By Bill Schmalfeldt     Jan 25, 2012 in Health
It looks like Medtronic, which had the lucrative deep brain stimulation market all to itself in the U.S., may find itself with some competition.
According to news published Jan. 24 by the University of Cincinnati, there's a new kid on the block in the market for deep brain stimulation devices.
A multi-site study of the Libra and Libra XP devices, manufactured by St. Jude Medical in St. Paul, Minn., uses a different theory of stimulation to the brain than the currently FDA-approved DBS devices manufactured by Medtronic, across the Mississippi River in Minneapolis. Much like Medtronic's Kinetra DBS devices, the Libra XP can have two leads connected to it, requiring the implantation of only one neurostimulator in the chest. Like Medtronic's Soletra unit, the Libra connects to a single lead, requiring the implantation of two devices for bilateral deep brain stimulation, according to Denise Landry, Public Relations Director at St. Jude Medical.
Deep Brain Stimulation is a surgical procedure in which electrodes are inserted into the brain to stimulate the subthalamic nuclei. It has been shown in previous studies to control some of the motor symptoms of Parkinson's disease and improve quality of life for the patient. It is not a cure for Parkinson's disease.

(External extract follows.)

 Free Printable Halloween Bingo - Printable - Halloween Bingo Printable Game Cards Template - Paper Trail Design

The study was conducted by Dr. George Mandybur, an associate professor of neurosurgery at the University of Cincinnati (UC) College of Medicine and Mayfield Clinic neurosurgeon, and Dr. Fredy Revilla, an associate professor of neurology and UC Health neurologist. It was published Jan. 11, 2012, in the online edition of Lancet Neurology. Principal investigator of the study was Dr. Michael Okun, a neurologist and co-director of the Center for Movement Disorders and Neurorestoration at the University of Florida College of Medicine. He is also National Medical Director for the National Parkinson Foundation.

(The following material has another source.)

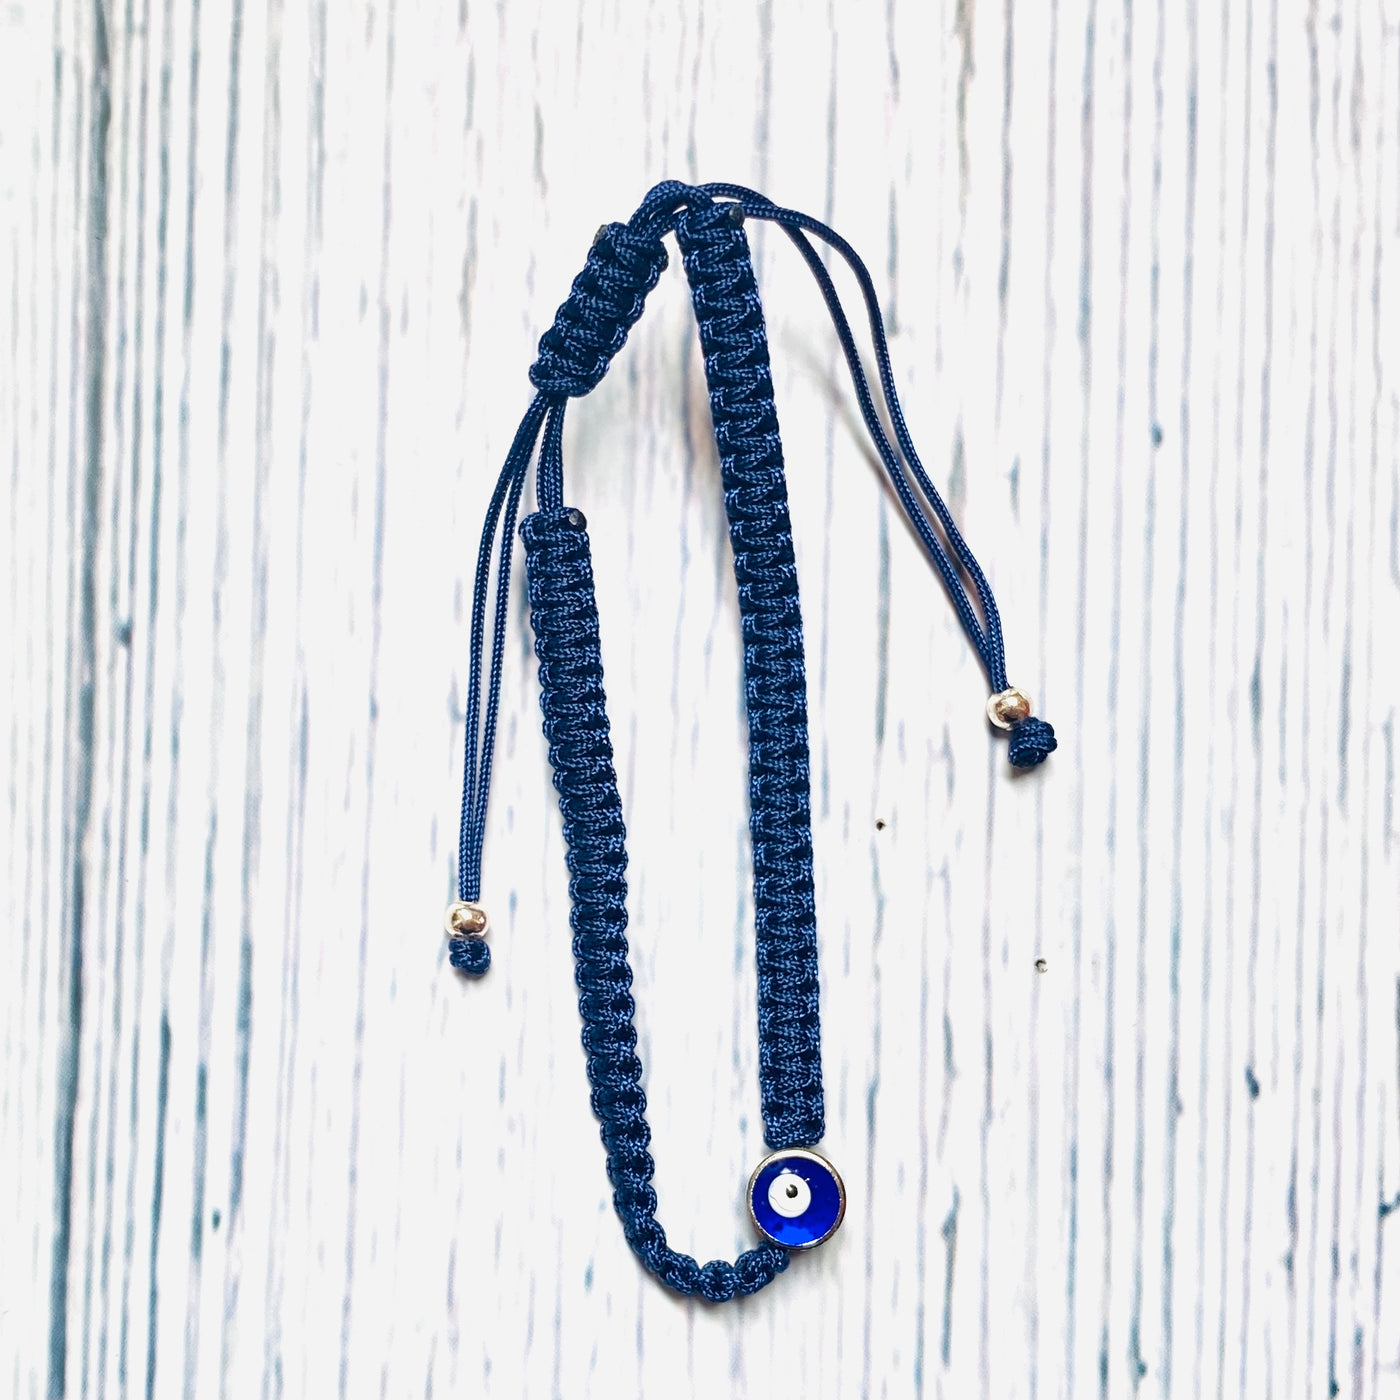 Blue braided string bracelet with evil eye charm.

In a St. Jude press release
, Dr. Okun touted the study results.
"These results are important as they represent the first large, randomized, controlled study of a constant current device for managing the symptoms of Parkinson’s disease. The data from this study represents the evolution of the approach to deep brain stimulation treatment and provides new evidence supporting the positive benefits this therapy can provide patients.”
Dr. Mandybur discussed how the Libra and Libra XP devices differ from the currently available DBS devices made by Medtronic.

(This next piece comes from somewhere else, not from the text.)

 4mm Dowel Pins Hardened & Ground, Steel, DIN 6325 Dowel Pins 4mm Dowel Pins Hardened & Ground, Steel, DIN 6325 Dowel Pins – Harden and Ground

"This is the first study to look at constant-current effectiveness in Parkinson’s disease,” Dr. Mandybur said. "The new device appeared to be every bit as effective as the voltage-controlled device, but we won’t know for sure until there is a head-to-head comparison in future clinical trials. The devices are not identical.”
The study results likely signal the imminent arrival of a competitor into a market currently filled only by Medtronic. Mandybur said this would likely stir competition and provide motivation for others to develop new technology to treat Parkinson's disease.
Researchers suggest that constant-current stimulation could more accurately control of the spread of the electrical field than currently-used voltage-controlled stimulation devices. Writing in an accompanying editorial in Lancet Neurology, Dr. Jens Volkmann, of the University Hospital of Würzburg, Germany, said constant current stimulation has a theoretical advantage over voltage-controlled stimulation of avoiding variations in the stimulating current caused by fluctuations brain tissue interfering or impeding the current.
"Currently, there are no clinical data comparing the two methods of delivering current to brain tissue, but fundamental differences are unlikely. The electrode–tissue interface is formed within the first weeks after the surgery, and during this settling in period, changes in electrode impedance might necessitate amplitude adjustments when a constant-voltage device is used. Thereafter, clinical effects and stimulation parameters remain remarkably constant for years, irrespective of which mode of stimulation is being used," he wrote.
The St. Jude Neuromodulation Division paid for the study. Now they wait for approval from the U.S. Food and Drug Administration for the Libra and LibraXP neurostimulators.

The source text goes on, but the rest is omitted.